Whether the candidate figured it out by themselves or it was explained to them, the expected answer is that DateTime.Now is abstracted by creating an IDateTimeService interface that is implemented as a wrapper over DateTime.
At this point the code should look like this:
public SomeClass {
private IItemService _itemService;
private IDateTimeService _dateTimeService;
public SomeClass(IItemService itemService, IDateTimeService dateTimeService) {
_itemService = itemService;
_dateTimeService = dateTimeService;
}
public List<Item> GetItems(int days, string filter) {
return _itemService.GetItems()
.Where(i => i.Time >= _dateTimeService.Now.AddDays(-days));
}
}
Also, the candidate should be asked to write a unit test, just to see they know how, for bonus points. Note if the candidate understands isolation for unit testing or does something that would work but be silly like generate the test data based on current date or duplicate the code logic in the test instead of working with static data.

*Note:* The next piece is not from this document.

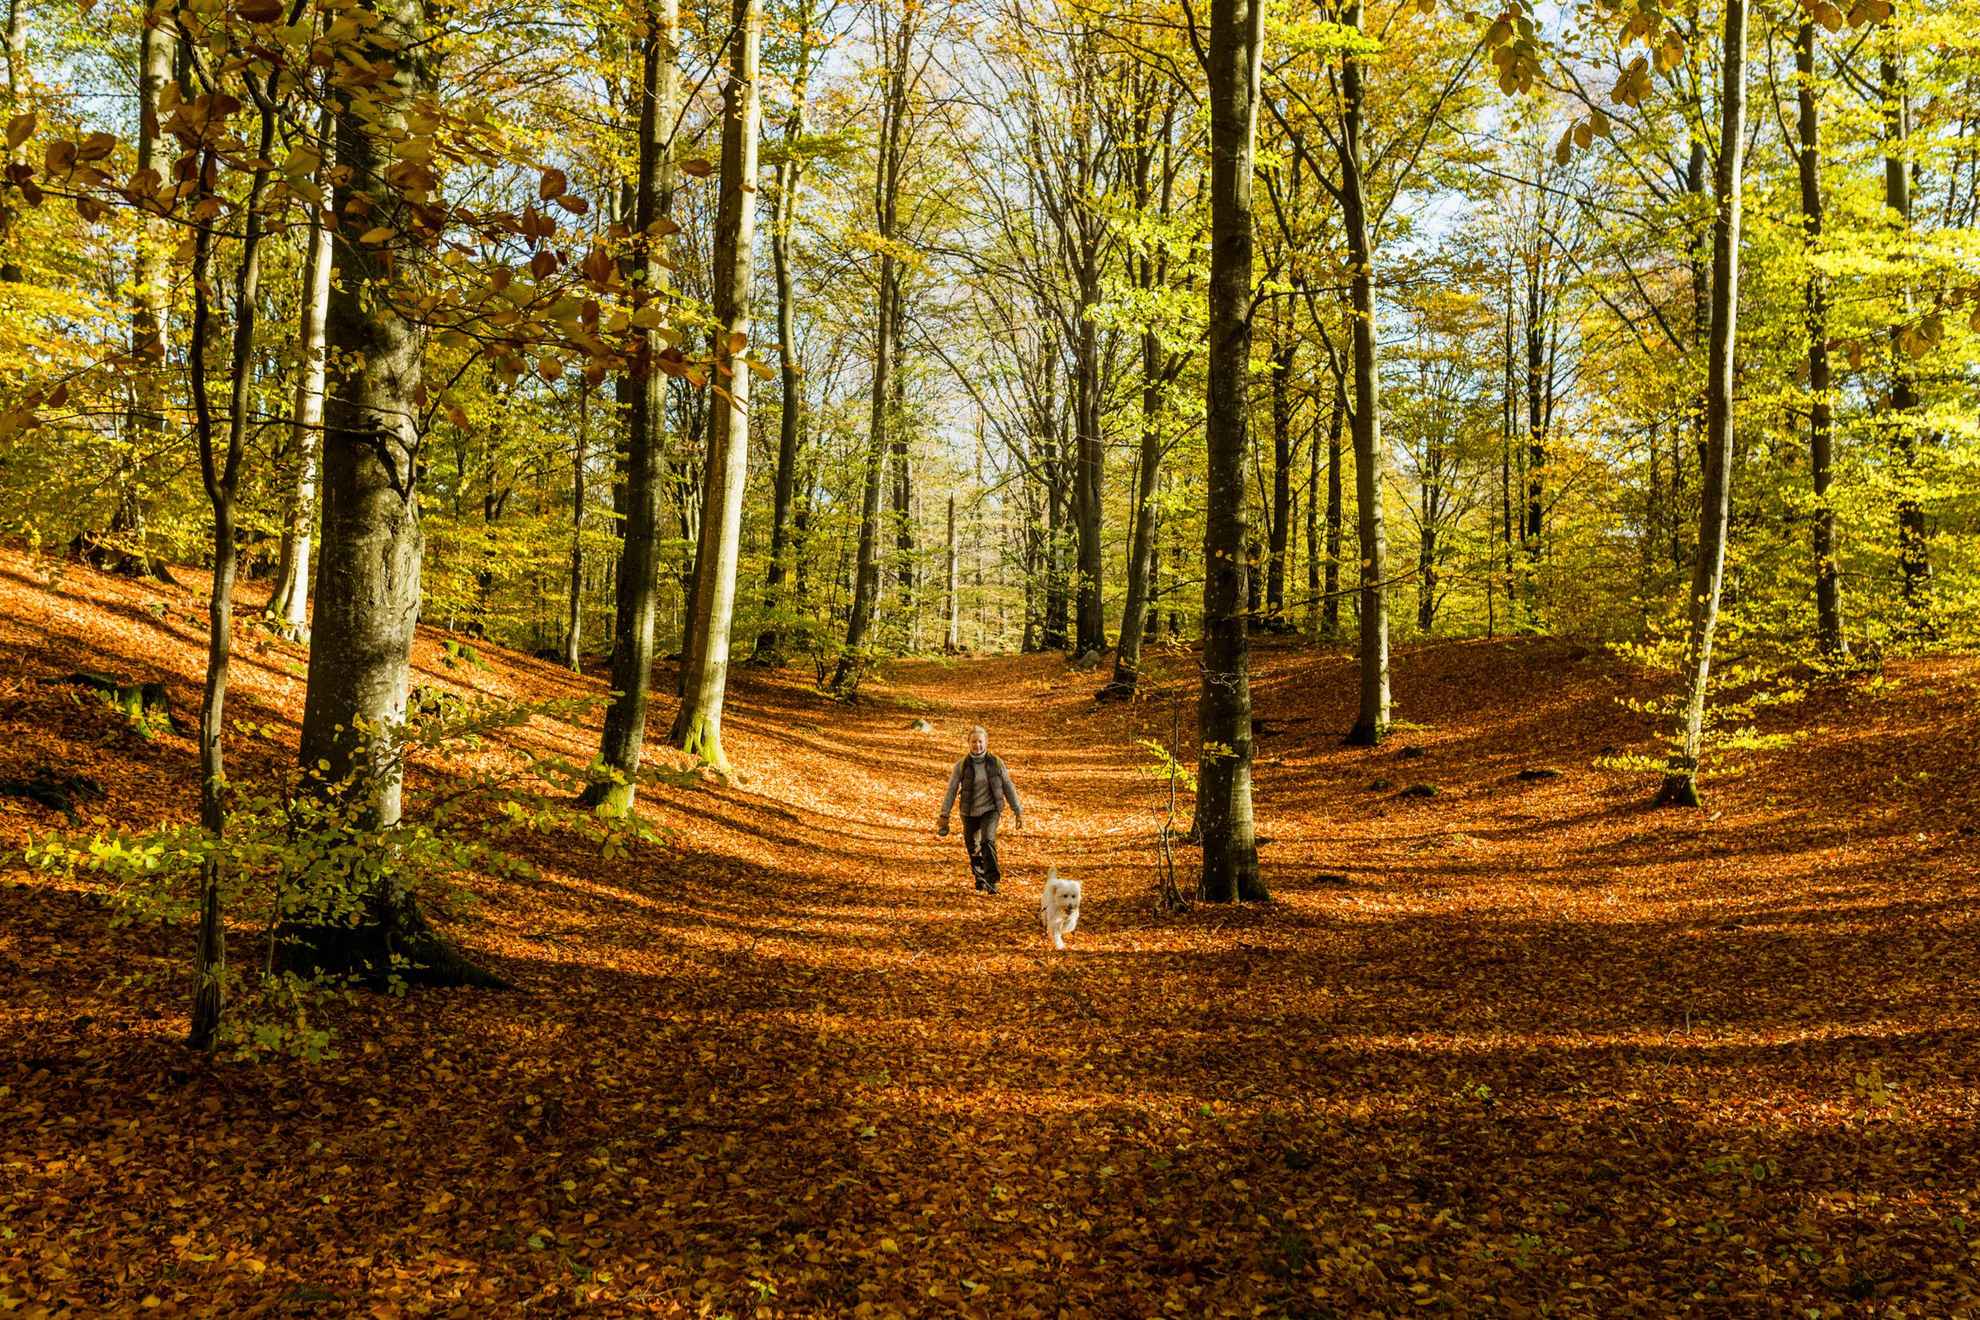 Une femme et un chien se promènent sur un sentier dans une forêt en automne. Le soleil brille et le sol est couvert de feuilles orange.

Step 2: tell the candidate that the legacy code they need to fix looks a bit different:
public SomeClass {
public List<Item> GetItems(int days, string filter) {
var service = new ItemService(filter);
return service.GetItems()
.Where(i => i.Time >= DateTime.Now.AddDays(-days));
}
}
The ItemService now receives the filter as the parameter. Ask them what to do in this case.
The expected answer is a factory injected instead of the service, which will then be used to instantiate an IItemService with a parameter. Bonus discussion about software patterns can be inserted here.

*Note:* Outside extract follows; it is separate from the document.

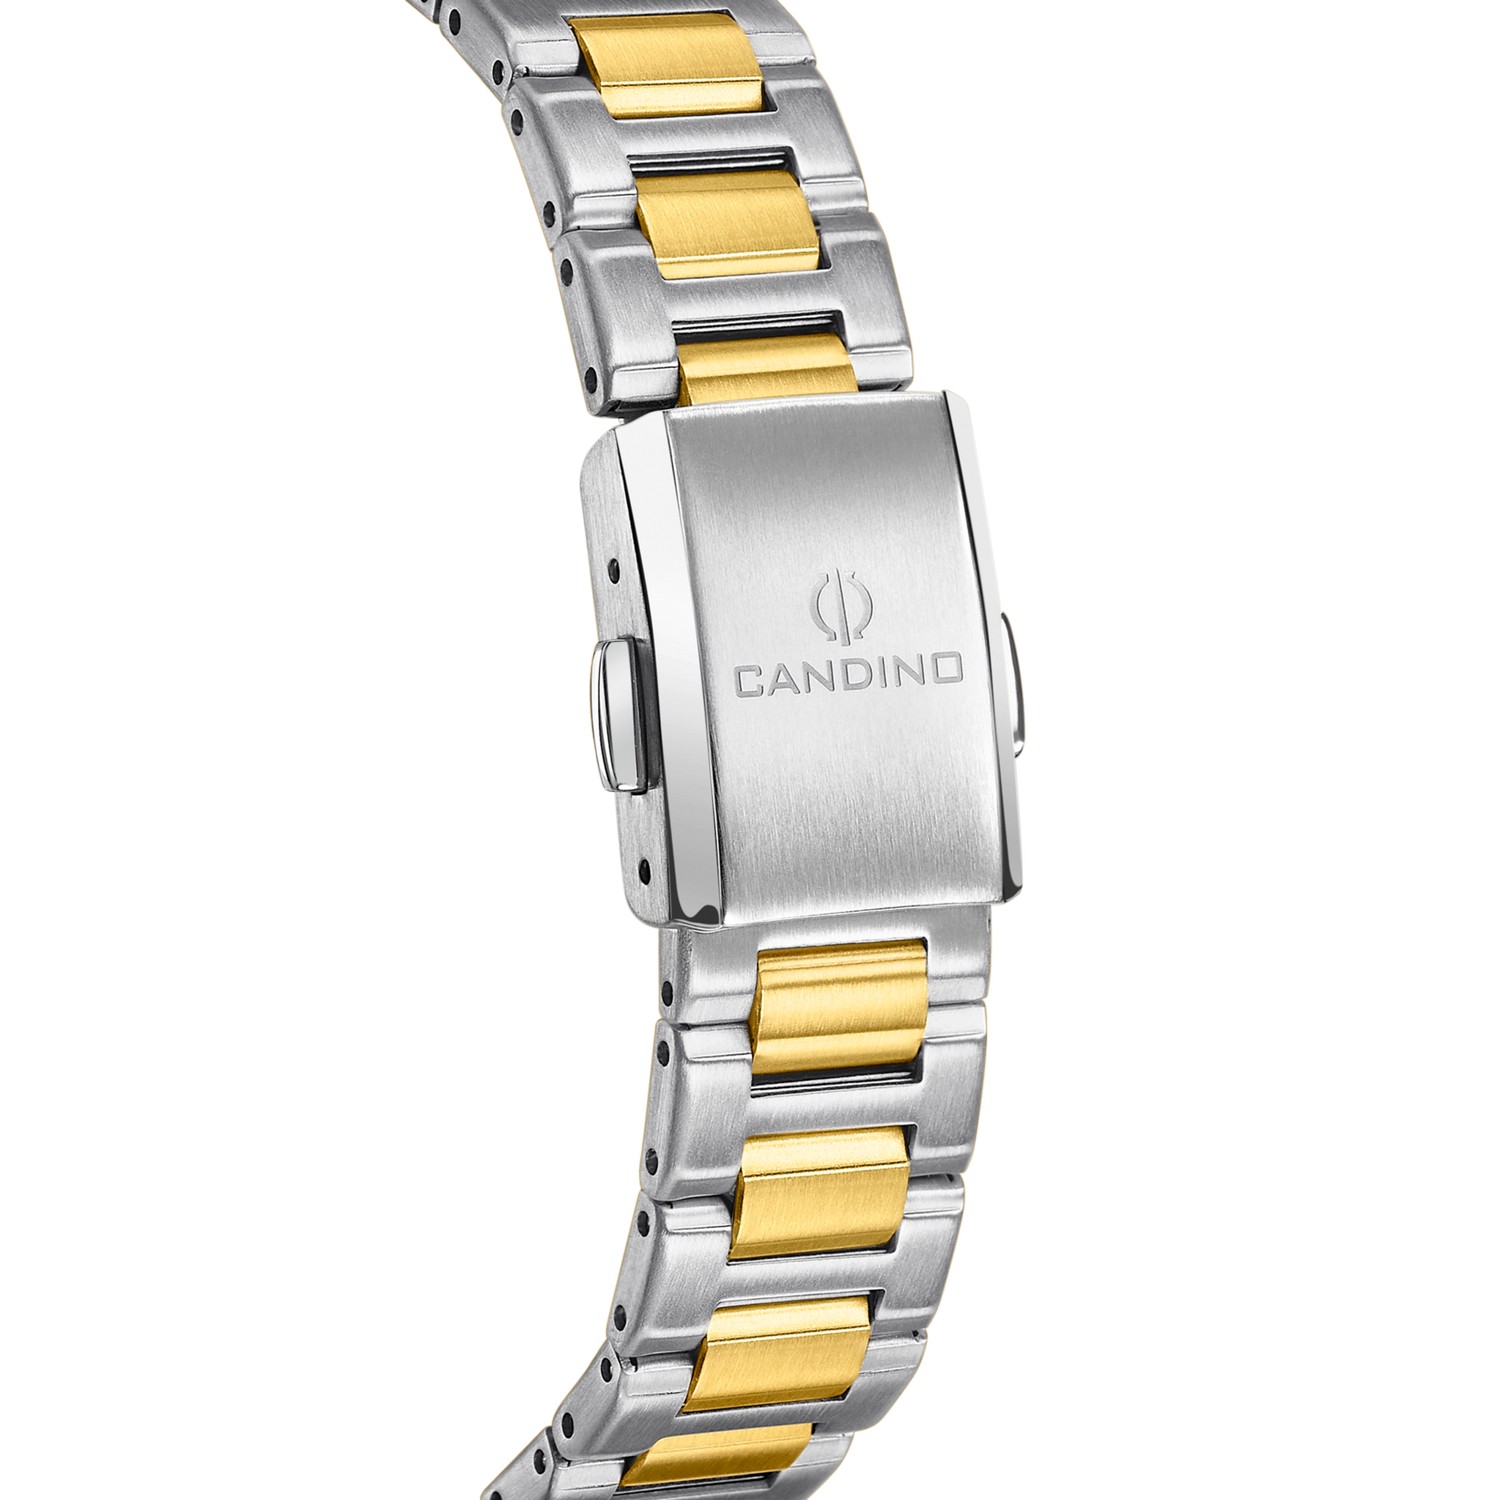 CANDINO  Женские швейцарские часы, кварцевый механизм, сталь, 33,5 мм

There are other valid answers here, like using the DI container itself as a factory for the service, which might provoke interesting discussions in itself, like weighing constructor injection versus service provider in dependency injection and whether hybrid solutions might be better.
Bonus question: what if you cannot control the code of ItemService in step 1 and it does not implement an interface or a base class?
- warning, this might give a hint for the second part of the interview, so use it at the end
- correct answer 1: use the class as the type of the parameter and let the dependency container decide how to instantiate it
- correct answer 2: use a wrapper over the class that implements the interface and proxies to the instance methods.
Conclusion
For me this test told me a lot more about the candidate than just their dependency injection knowledge. We got to talking, I became aware of how their minds worked and I was both pleasantly surprised when they came with alternate solutions that kind of worked and a bit irked that they went that far and didn't see the superior option. Most of the time this made me think about the differences between what I would answer and what they did and this resulted in interesting discussions that enriched not only their experience, but also mine.
Dependency injection, separation of concerns and unit testing are important concepts for any modern developer. I hope this helps devs evolve and interviewers find the best candidates... at least until all of them get to read my blog.